The war is over, the genre is over

Captain America Comics 1

The cause was simple: characters like Captain America and his overseas war adventures they remembered times to forget. At the end of 1946, the supersoldier, Namor, Human Torch and that batch of fighting heroes disappeared because, like “Smelly Pete” from ‘Toy Story 2’, there was no longer demand for them.

When almost two decades later Stan Lee and Jack Kirby decided to recover Captain America to lead ‘The Avengers’ in those first issues of 1964, they were aware that they had been frozen since the end of World War II erased all the adventures of Cap which had been published since shortly before the fall of Berlin.

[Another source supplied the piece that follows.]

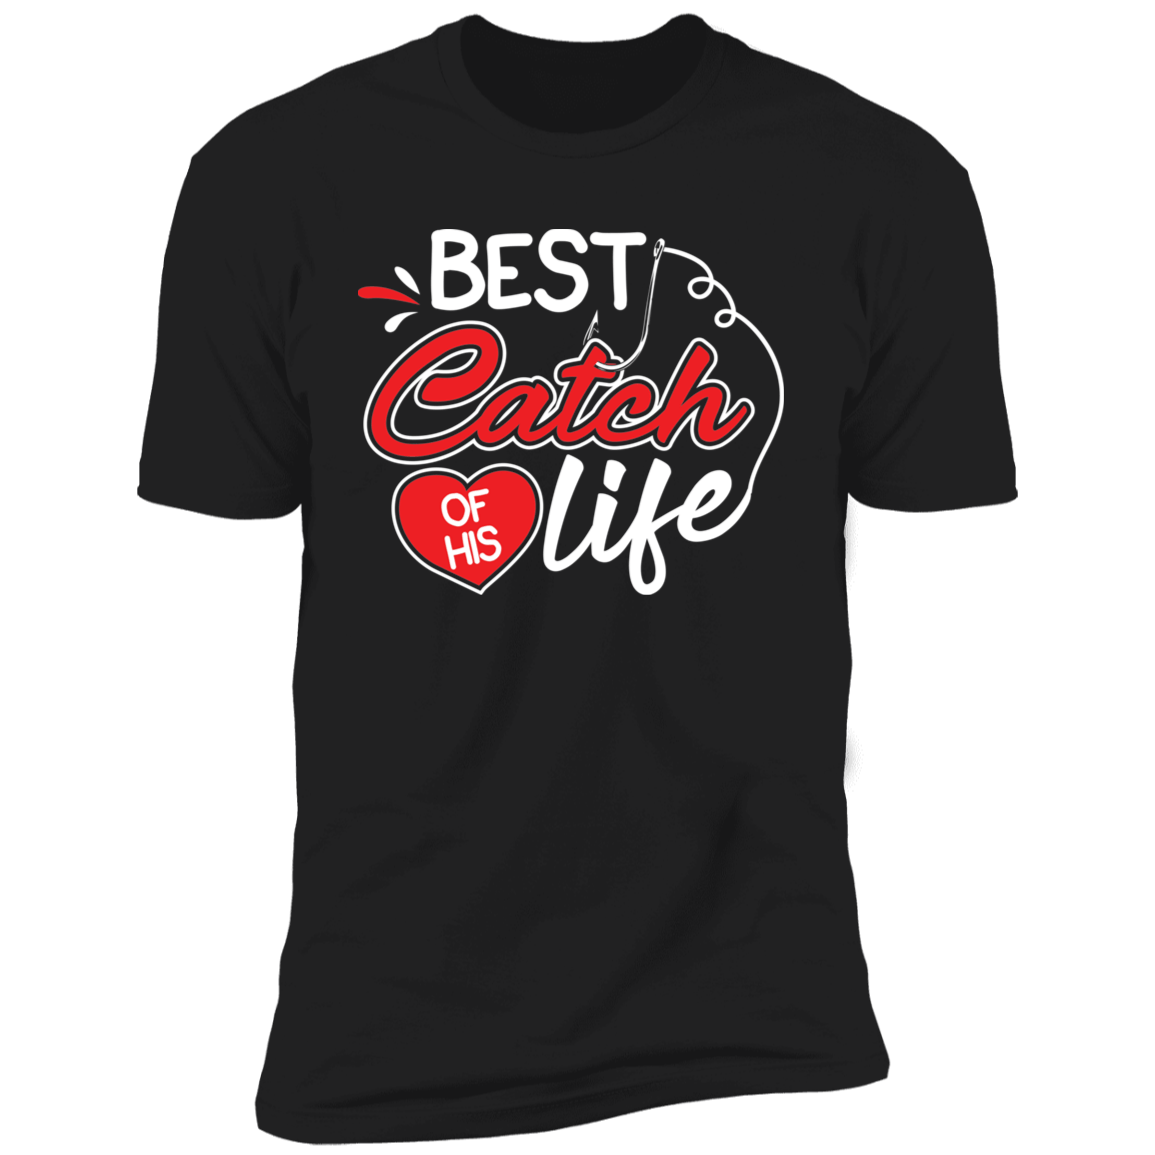 One Great Fisherman & Best Catch Of His Life Fishing Couples Tees

But, beyond that trivial detail —which would be resolved years later, we’ll talk about it— Lee and Kirby recovered the latter’s character. like a man out of his time. How it reacted to the “new present” and what that shield was going to symbolize in such a rebellious era as the sixties would be touched in different ways over the years.

Iron Man Vietnam

And, among the decisions that were made at that time he emphasized avoiding putting the Supersoldier in a war. Specifically in Vietnam. “I don’t know if it would be in good taste to tackle something so serious by sending Captain America” Stan Lee would declare at the time. A diplomatic position taking into account the debate that existed around the intervention in the conflict and curious if we start to think that the Southeast Asian country was a recurring scene of the adventures of Iron Man and other heroes.

But they had designed the two great Marvel war wolves (along with Nick Fury) so that their field of action was espionage between powerful and scientifically and technologically advanced agencies such as HYDRA and IMA. Yes, heiresses of Nazism and with Red Skull trying to end it, but away from the warlike as if it were a declaration of intentions: The United States is not for wars, it is much more than that.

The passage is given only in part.